#### [Exercise description]
Wherever a line of the records contains "della", copy that line.

(Saved data entries)
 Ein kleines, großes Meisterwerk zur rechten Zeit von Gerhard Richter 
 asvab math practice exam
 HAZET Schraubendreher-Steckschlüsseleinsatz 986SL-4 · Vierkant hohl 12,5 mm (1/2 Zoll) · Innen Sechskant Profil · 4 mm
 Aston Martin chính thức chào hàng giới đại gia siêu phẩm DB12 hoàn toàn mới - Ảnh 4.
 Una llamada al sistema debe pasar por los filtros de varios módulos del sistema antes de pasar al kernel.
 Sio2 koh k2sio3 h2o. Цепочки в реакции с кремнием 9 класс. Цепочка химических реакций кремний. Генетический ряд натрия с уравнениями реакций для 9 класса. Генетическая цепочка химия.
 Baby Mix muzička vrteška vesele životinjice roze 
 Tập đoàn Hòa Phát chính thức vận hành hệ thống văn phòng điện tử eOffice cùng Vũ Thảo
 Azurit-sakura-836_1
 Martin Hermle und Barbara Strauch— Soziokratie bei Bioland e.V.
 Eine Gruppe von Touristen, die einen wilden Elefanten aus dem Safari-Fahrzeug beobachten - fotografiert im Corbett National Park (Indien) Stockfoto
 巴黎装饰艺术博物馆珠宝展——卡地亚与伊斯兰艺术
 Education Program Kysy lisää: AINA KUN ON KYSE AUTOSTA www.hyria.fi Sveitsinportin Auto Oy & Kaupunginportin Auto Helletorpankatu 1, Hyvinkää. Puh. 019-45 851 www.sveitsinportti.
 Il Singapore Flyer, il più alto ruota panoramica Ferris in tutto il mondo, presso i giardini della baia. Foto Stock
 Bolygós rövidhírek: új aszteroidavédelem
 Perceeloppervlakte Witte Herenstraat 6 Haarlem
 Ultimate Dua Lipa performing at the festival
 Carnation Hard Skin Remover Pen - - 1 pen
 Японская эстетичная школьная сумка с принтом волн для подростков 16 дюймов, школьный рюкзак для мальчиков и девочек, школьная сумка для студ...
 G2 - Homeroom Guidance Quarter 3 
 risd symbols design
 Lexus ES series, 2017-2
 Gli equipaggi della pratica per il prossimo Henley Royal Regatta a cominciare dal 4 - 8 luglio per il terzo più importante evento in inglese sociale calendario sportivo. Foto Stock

#### [Exercise result]
 Il Singapore Flyer, il più alto ruota panoramica Ferris in tutto il mondo, presso i giardini della baia. Foto Stock
 Gli equipaggi della pratica per il prossimo Henley Royal Regatta a cominciare dal 4 - 8 luglio per il terzo più importante evento in inglese sociale calendario sportivo. Foto Stock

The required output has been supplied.